I was completely unprepared for what happened. At home my parents didn’t talk about spiritual matters. My mother had been raised a Buddhist and my father was a self-proclaimed “Jack Mormon”, who would roll his eyes at any reference to religion. As a kid, one of my few experiences with the church occurred a few months after we moved to Alaska and two men dropped by and knocked on our door. I suppose my father’s membership records had finally made their way to the local branch, but Dad wasn’t ready for any welcome committees. He glanced out the living room window and said quietly, “Don’t nobody move.”

That’s when one of the men—the one whom I would later know as Brother Carlson—rapped a knuckle on the window and said: “We’re your home teachers and we can see you in there breathing.”

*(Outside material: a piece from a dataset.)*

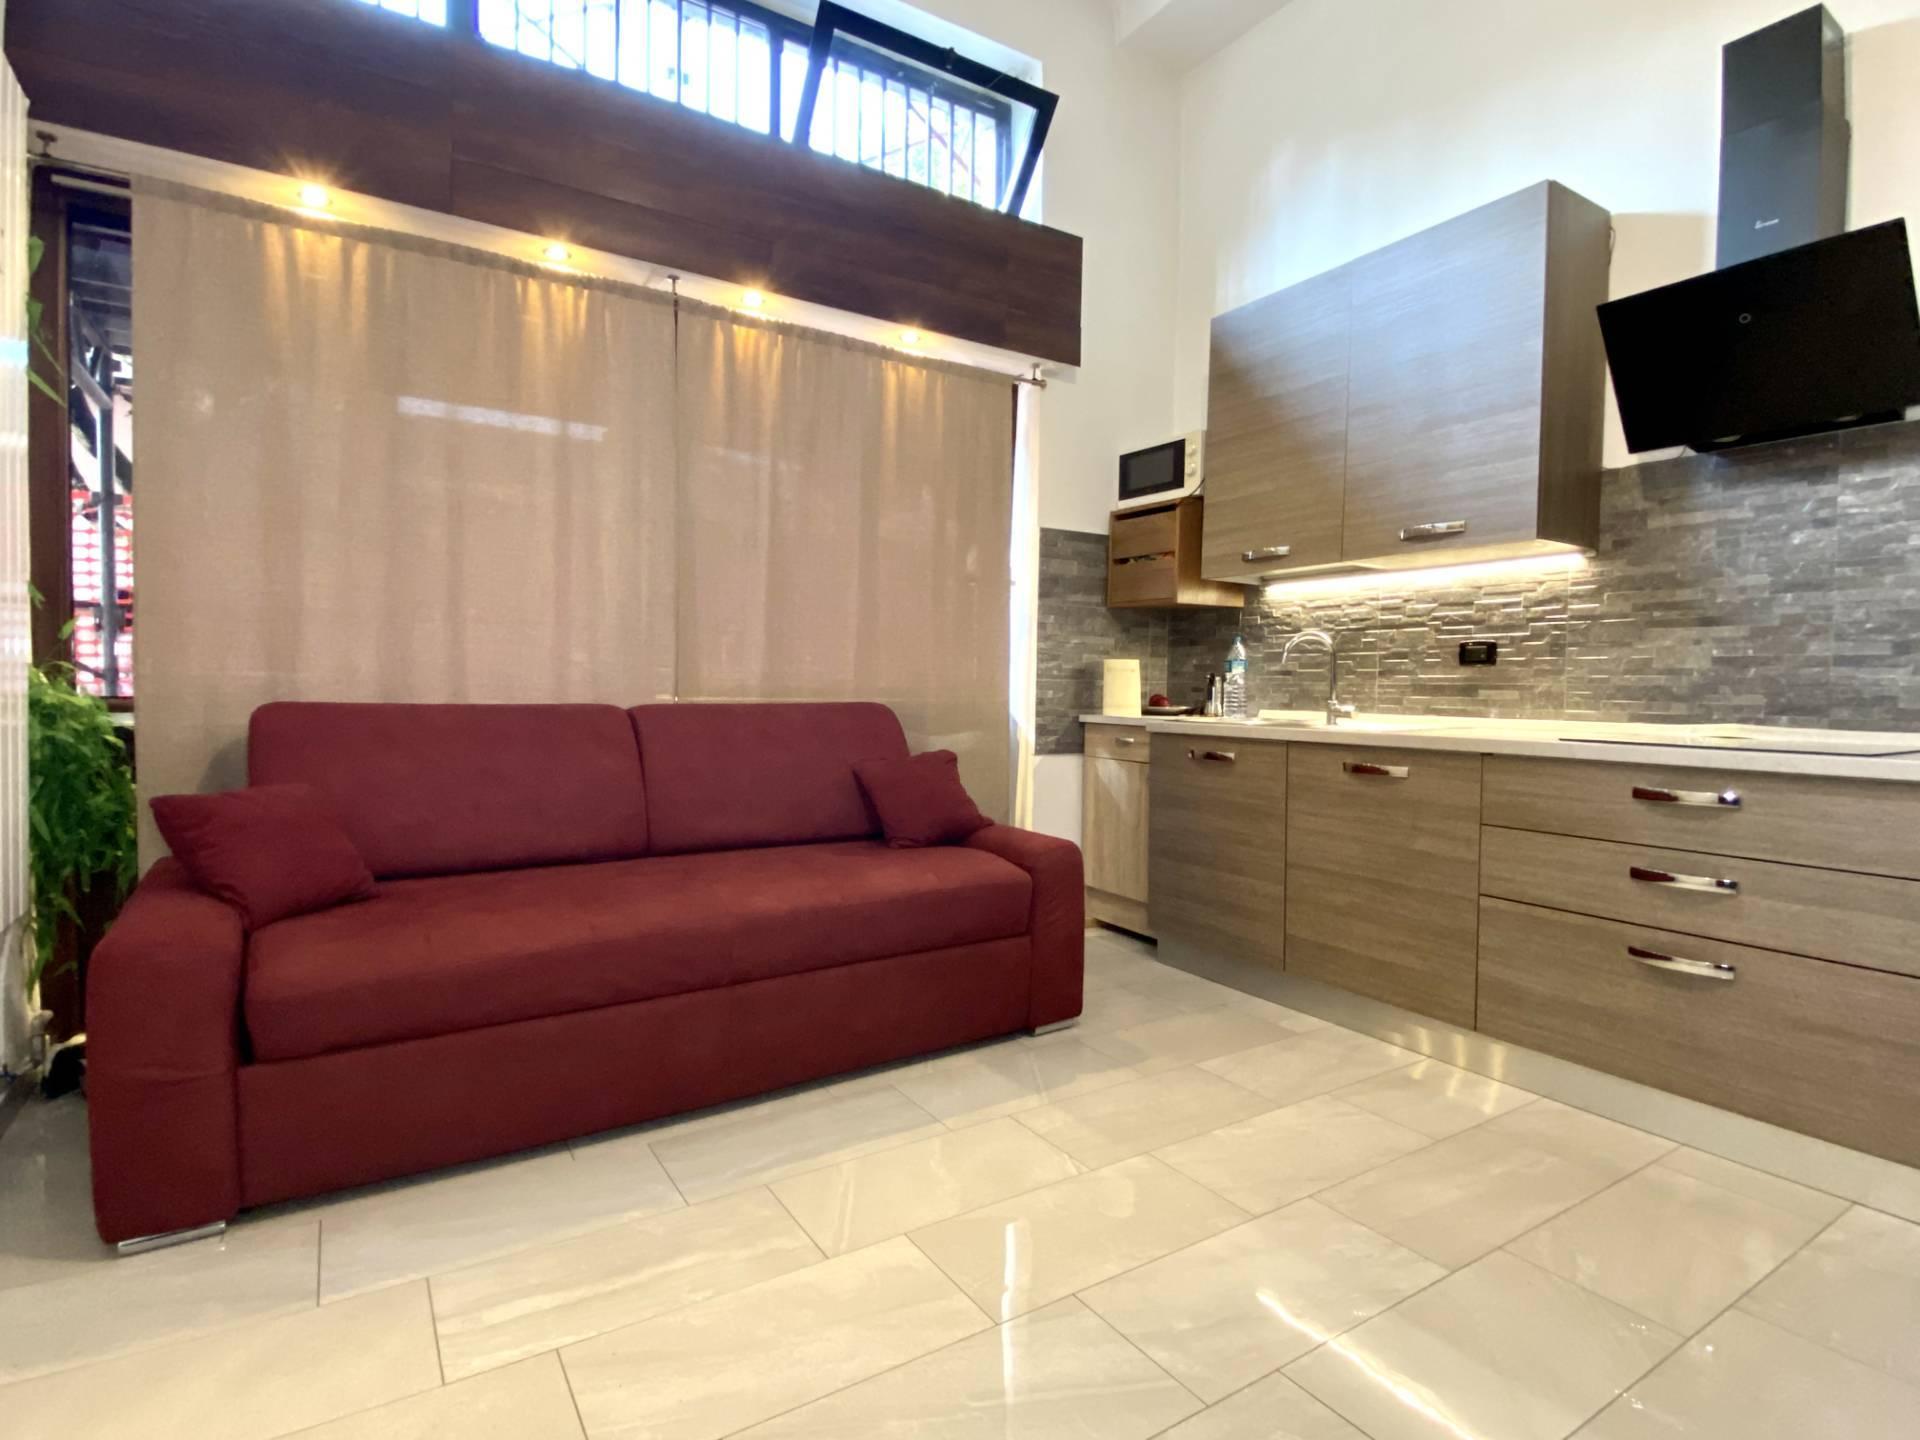 Vendita Monolocale Appartamento Cinisello Balsamo 251893

Dad told us to ignore them and eventually they went away, but they continued to rap on our window every few months, only to be ignored again or told to go away. My father was dismissive about them and wouldn’t explain who they were, aside from telling us they were nuts. The whole affair was quite bizarre to me. What were the men hoping to teach us—some Tony Soprano-styled lesson? And why were they spying on us? My brothers and I wondered if we’d moved to Alaska under the auspices of some witness protection program.

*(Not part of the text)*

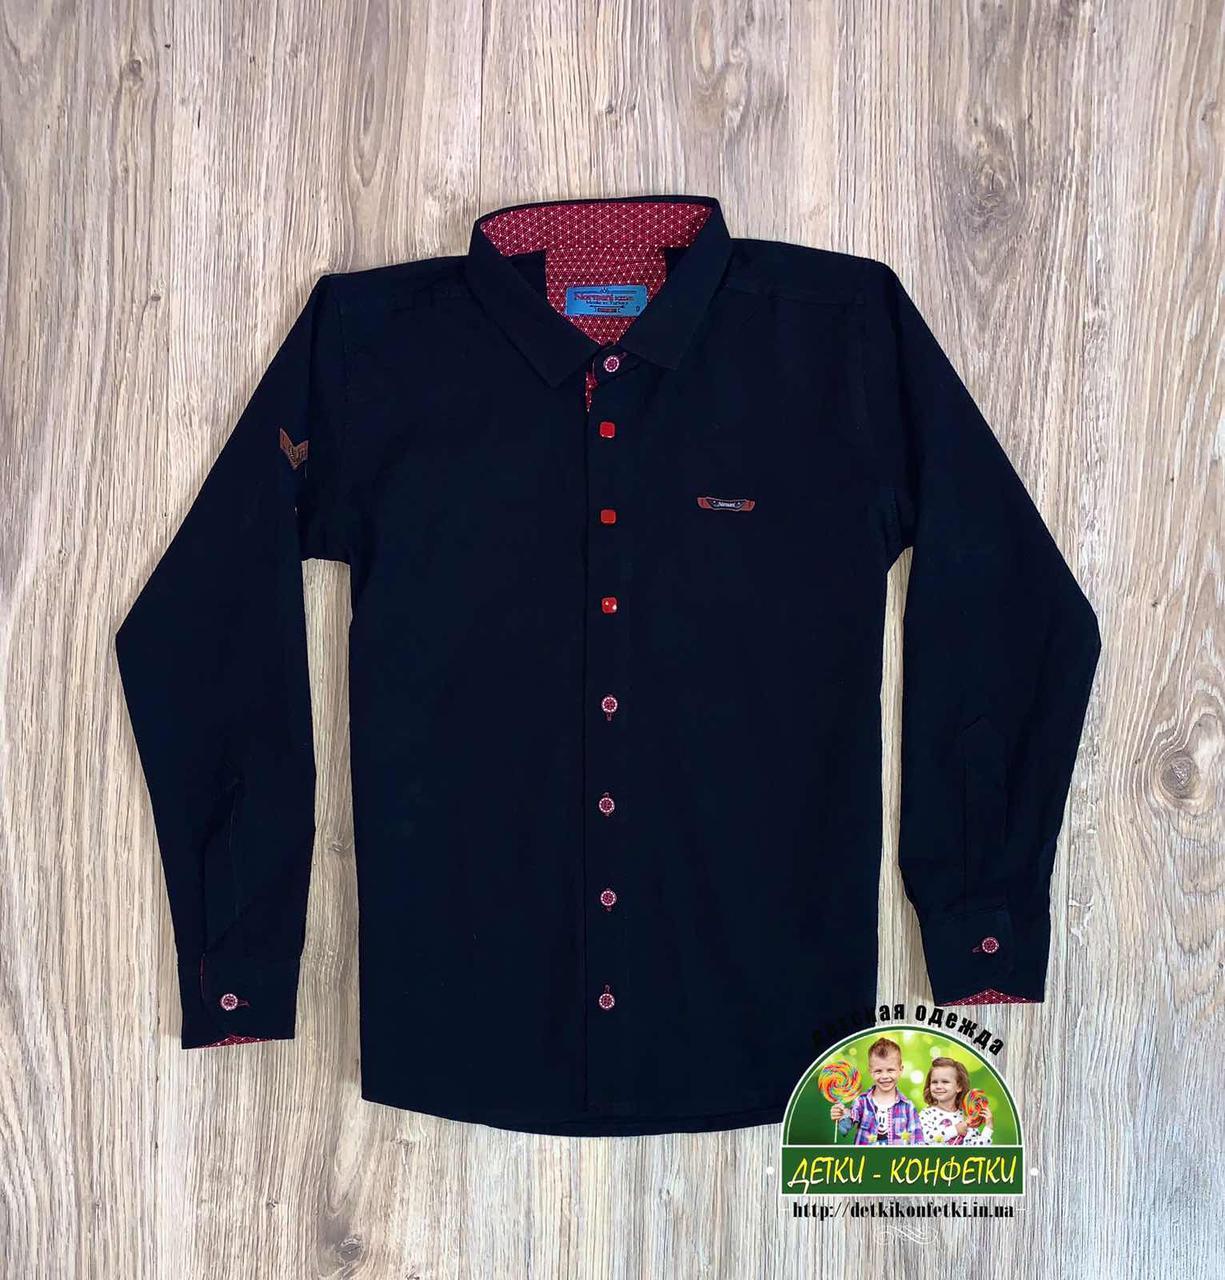 Черная рубашка с красными пуговицами для мальчиков и подростков

I tell you this to describe just how unprepared I was when the spirit touched me that day in 1975. As I stood there in St. Peter’s Basilica, I wondered what could inspire someone to compose such a beautiful motet, but that only led me to ask other similar questions. Where had Michelangelo obtained the inspiration to paint the ceiling of the Sistine Chapel and sculpt the Pieta, both of which I’d seen that day? And what had caused so many people to sacrifice so much to build the edifice in which I stood?

In the end I could only conclude that it had something to do with the man, Jesus, of whom I knew so little and must know more. Within days after I returned home, Brother Carlson’s son, Dave, invited me to attend church with him and I couldn’t refuse.

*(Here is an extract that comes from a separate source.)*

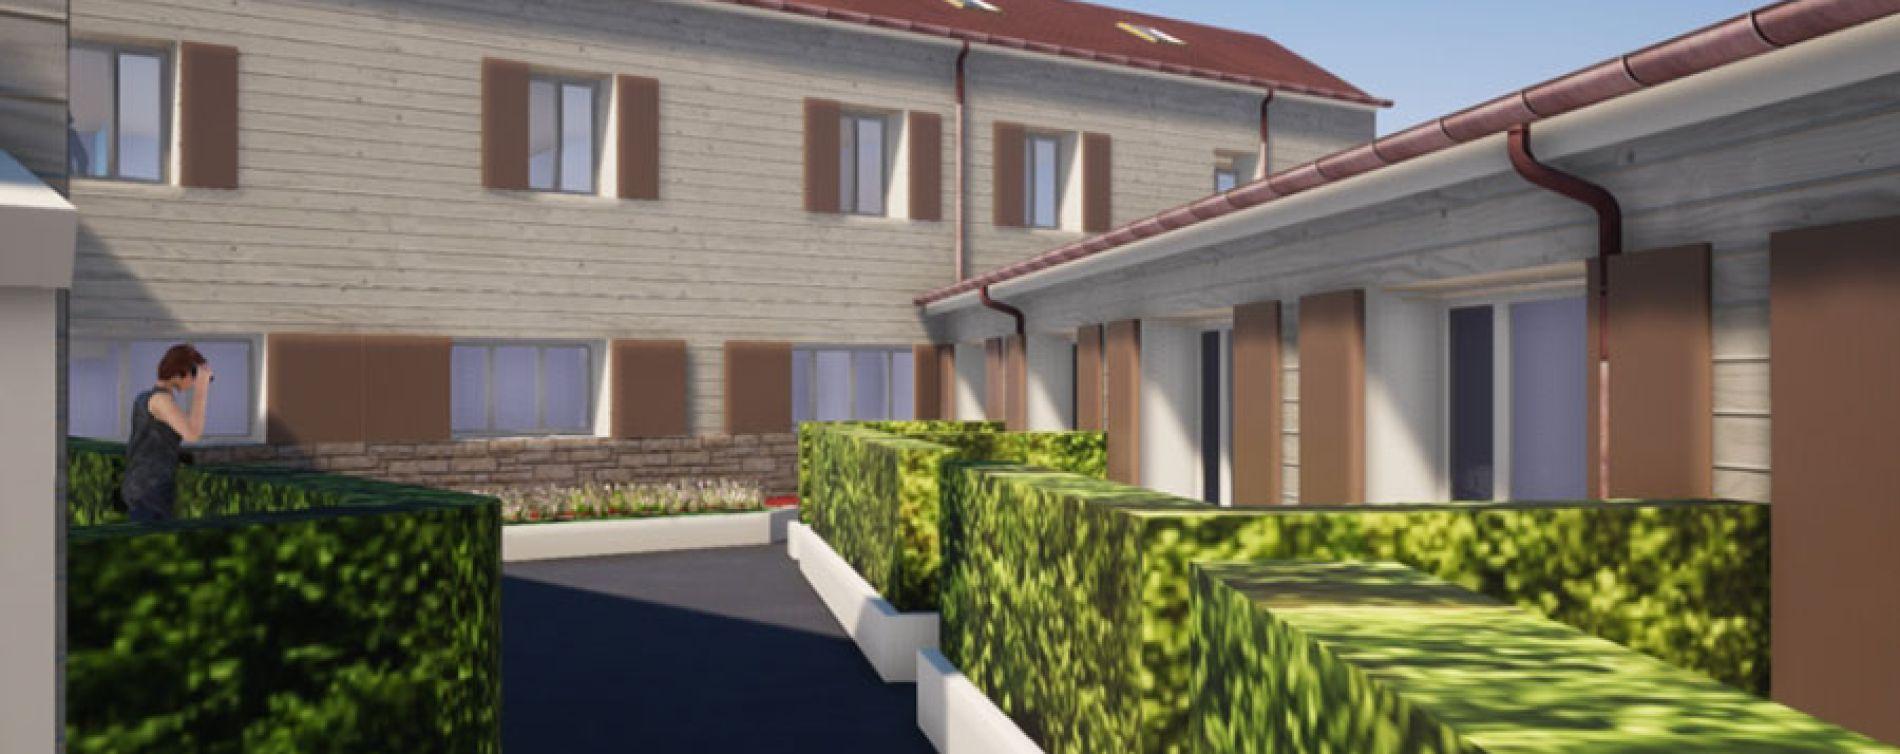 Chelles : programme immobilier à rénover « Bâtiment D - 10 Rue de Gournay » en Déficit Foncier (5)

Taped to a wall inside the middle school band room where my kids once played is a list of rules the students are expected to follow. The first rule is my favorite. It reads, quite simply: We all play together.

The ideal of playing together is one reason why music is so compelling. No matter the geography or culture of origin, all musical forms share an oddly familiar beginning. You can hear it in the melodic chants uttered during a bar mitzvah, or a Buddhist funeral, or a Native-American powwow, or the Islamic call to prayer. In every case, they are meant to join communities of people in a spiritual communion. When all our voices blend together—expressing longing and joy, angst and perfect love—the nature of that communion puts us as close to heaven as nearly any other earthly experience. But what if we don’t sing in tune or in perfect rhythm? If getting there is half the fun, the road to perfect harmony can still be exhilarating, despite the occasional need for a tune-up.

I had a dear friend once who happened to be a dog. Jesse loved music and had impeccable taste in it, preferring the masterworks of the Late Baroque composers. It didn’t matter where he was, whenever Lori played a movement from Handel’s Messiah, or some other similar piece, Jesse would come running. He’d flop down beneath the piano’s soundboard and roll onto his back with legs in the air and ears outstretched to capture every note. The grin on his face suggested a kind of spiritual ecstasy. A year before he passed, Jesse was diagnosed with a tumor in his hip that required one of his hind legs to be amputated. Afterward he couldn’t balance on his back anymore, but he still loved to lie beneath the piano. I don’t want to be maudlin here, but Jesse seemed to take refuge in music, as if it transported him to a dog-version of heaven, like the long walks through the woods we eventually had to curtail. Is there any wonder why David tells us to, “Sing to the Lord a marvelous song?”